This excerpt taken from the SWY DEF 14A filed Mar 27, 2009.
We generally have not entered into severance or change in control agreements with our executive officers providing for a cash payment in the event of a change in control or an executives termination of employment, whether such termination is voluntary, for cause or otherwise, and we do not currently have any such agreements in place with any of our executive officers.
No named executive officer currently has an employment agreement that provides a specific term of employment with us. Accordingly, the employment of any such executive officer may be terminated at any time at the discretion of our Board.

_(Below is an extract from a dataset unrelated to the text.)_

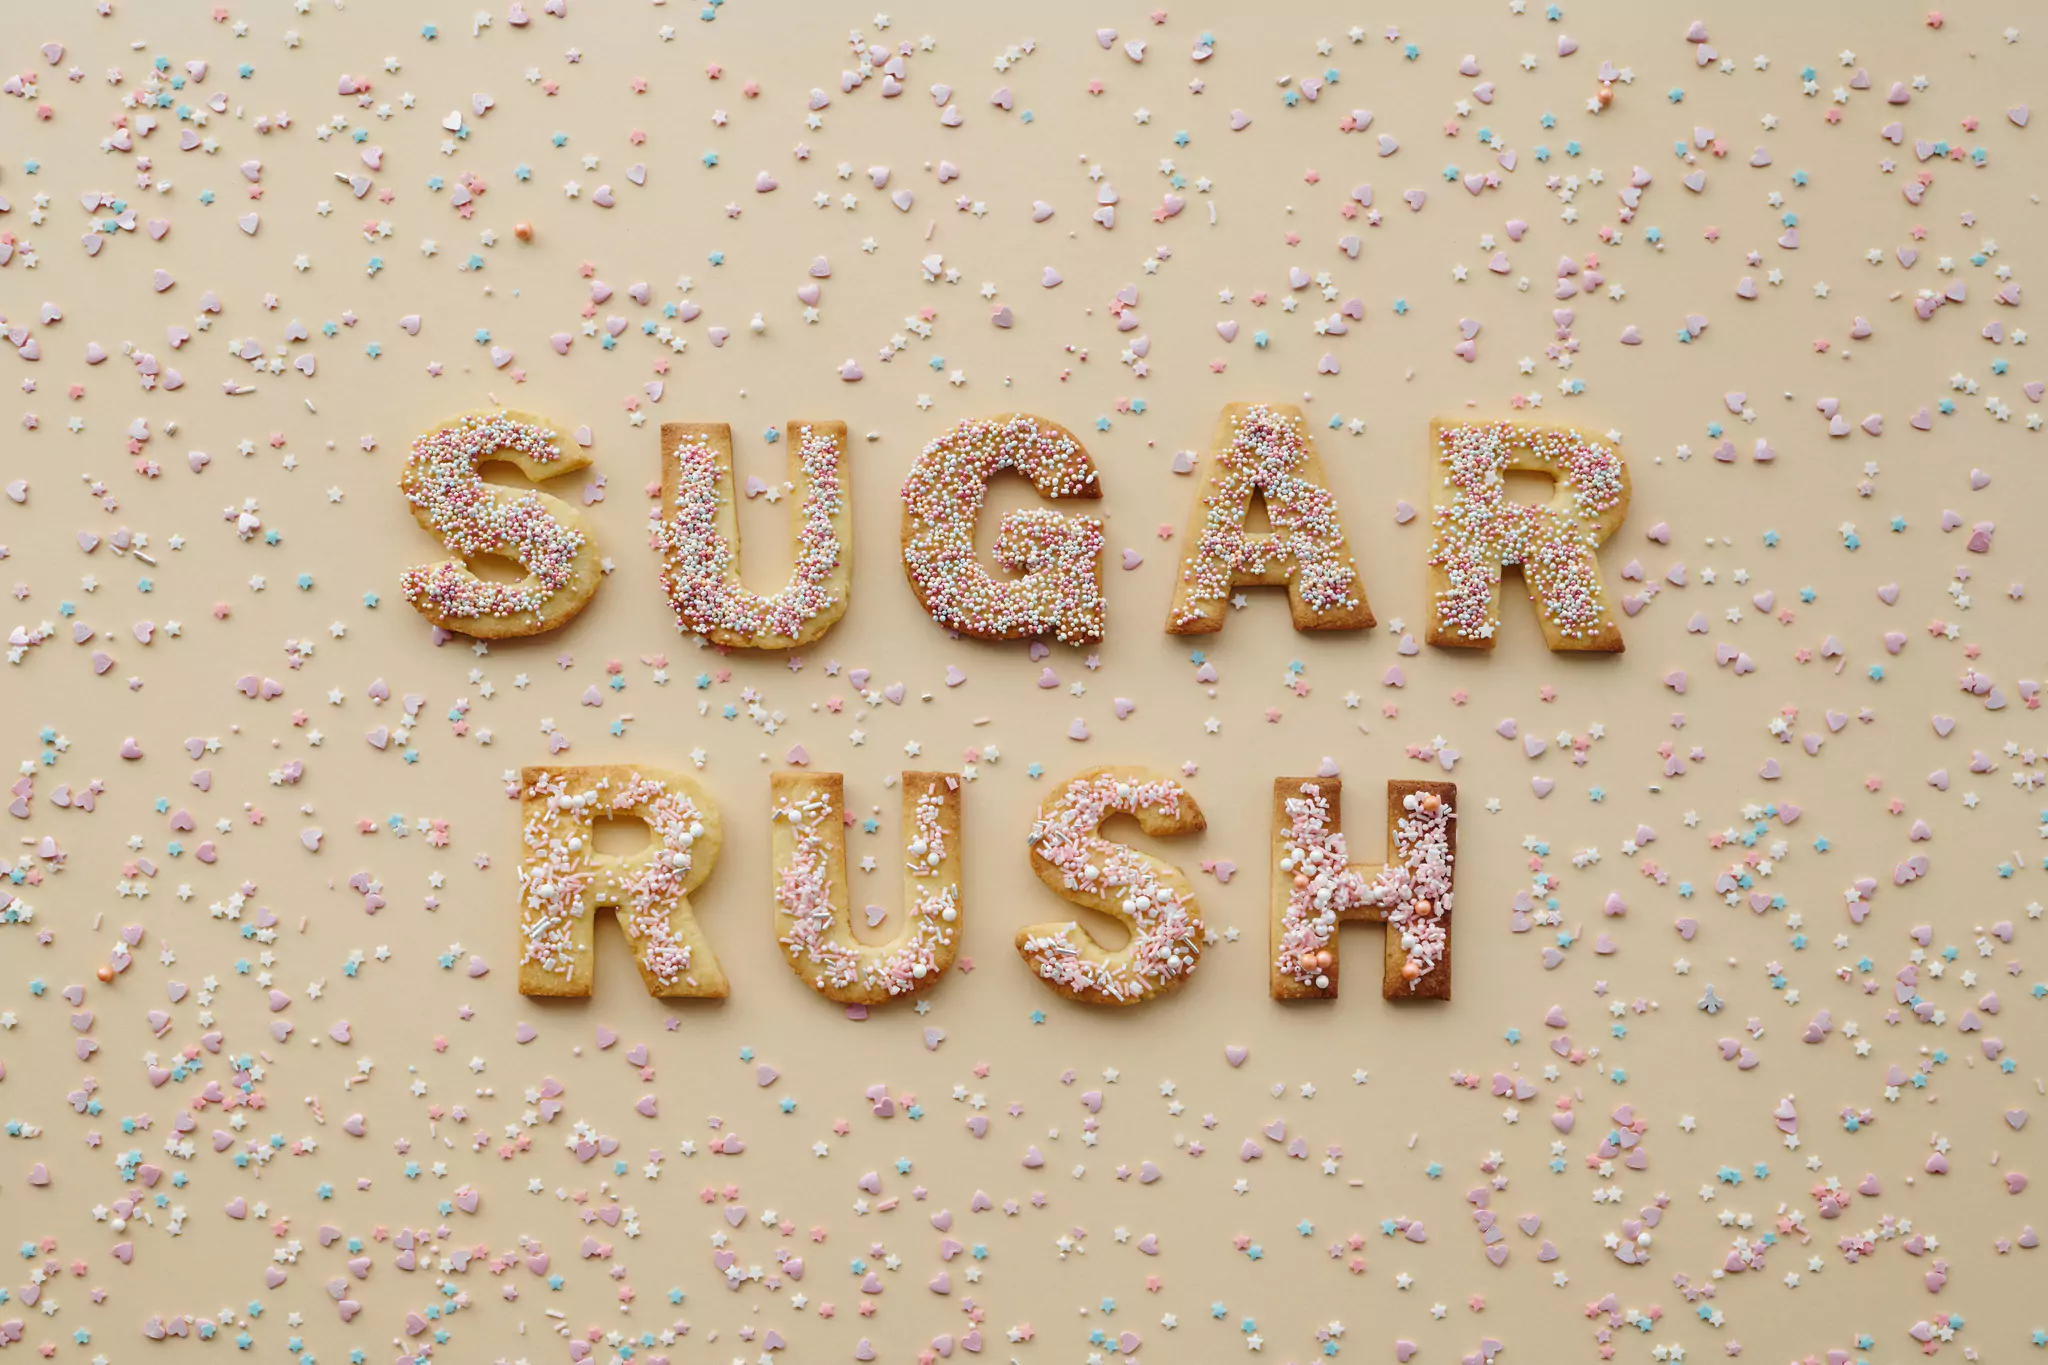 Baked treats that spell out 'Sugar Rush'.

Under our Retirement Plans, in the event of a termination of employment of a named executive officer for any reason, including in connection with a change in control, the named executive officer is entitled to receive any vested retirement benefits that have accumulated as of the date of termination. For a discussion of the benefits that would be payable and the manner of payment to our named executive officers under the Retirement Plans and Mr. Burds SERP assuming a termination of employment as of January 3, 2009, see the section titled Pension Benefits above. Under our Executive Deferred Compensation Plans, in the event of a termination of employment of a named executive officer for any reason, including in connection with a change in control, the named executive officer is entitled to receive his or her account balance under such Plan as of the date of termination. For a discussion of the amounts payable and manner of payment to each of our named executive officers under our Executive Deferred Compensation Plans assuming a termination of employment as of January 3, 2009, see the section titled Non-Qualified Deferred Compensation above.
Acceleration of Options and Restricted Stock Upon a Change in Control. In the event we undergo a change in control, the 1999 Equity Plan and the 2007 Equity Plan provide that unvested stock options and unvested restricted stock will accelerate and become vested. The Blackhawk restricted stock that was granted to certain of the named executive officers in 2006 does not vest in the event of a change in control of the Company or Blackhawk. Below is a table that displays the 2008 fiscal year-end values of stock options that would vest upon a change in control.
Benefits Payable Upon Death. Under the ERP or Retirement Restoration Plan, the accumulated benefit of each of the named executive officers will be payable if the executive dies after becoming vested or if death occurs prior to vesting but while the executive is still an employee. Under the Retirement Restoration Plan II, accumulated benefits are payable only if death occurs after age 55 while still an employee. The executive officers beneficiary can receive the executives accumulated benefits in the form of a lump sum (ERP only), an annuity paid monthly, if the beneficiary is the surviving spouse, or in installments (the required form of payment if the beneficiary is not the surviving spouse). In addition, under the RRP, each of the named executive officers (as well as other executives of the Company) is entitled to payment of a special death benefit if any of such individuals dies while employed as an executive officer or after retiring as an executive officer, regardless of age. Under the special death benefit, if any of the named executive officers dies while employed as an executive officer, the named executive officers beneficiary will receive a single lump sum payment equal to four times the executives base salary at the time of death up to a maximum of $4 million, less any amount otherwise payable by Company-provided life insurance. The life insurance beneficiaries of a named executive officer who retires after age 55 will be entitled to benefits at the time of the former executive officers death as follows: (1) for death before age 70, the benefit is 100% of the former executive officers final average compensation at the time of death, with a maximum benefit of $1 million; or (2) for death after age 70, the benefit is 25% of the amount determined in (1) above. In December 2008, our Board amended the special death benefit to eliminate the post-retirement death benefit for any current employees below the level of Senior Vice President who are promoted to the position of Senior Vice President or higher on or after December 15, 2008 and for any new employees who join the Company on or after December 15, 2008.
Set forth in the table below are (i) the fiscal year-end values of stock options that would vest upon a change in control and (ii) the amount that would have been payable to the beneficiaries of each of our named executive officers pursuant to the special death benefit under the RRP had such benefit been triggered as of January 3, 2009.
Operating Bonus Plan and Capital Bonus Plan. In the event an executive officers employment terminates on or after the last day of the fiscal year and before actual bonuses are paid, whether due to resignation, retirement, disability or otherwise, the Executive Compensation Committee retains the discretion to determine whether the executive is entitled to a bonus payout based on that fiscal years results under the Operating Bonus Plan and the Capital Bonus Plan. The estimated payout under these plans is described in the Grants of Plan-Based Awards Table earlier in this Proxy Statement.
Perquisites. No perquisites, described in footnote 7 to the Summary Compensation Table in this Proxy Statement, continue after termination of employment.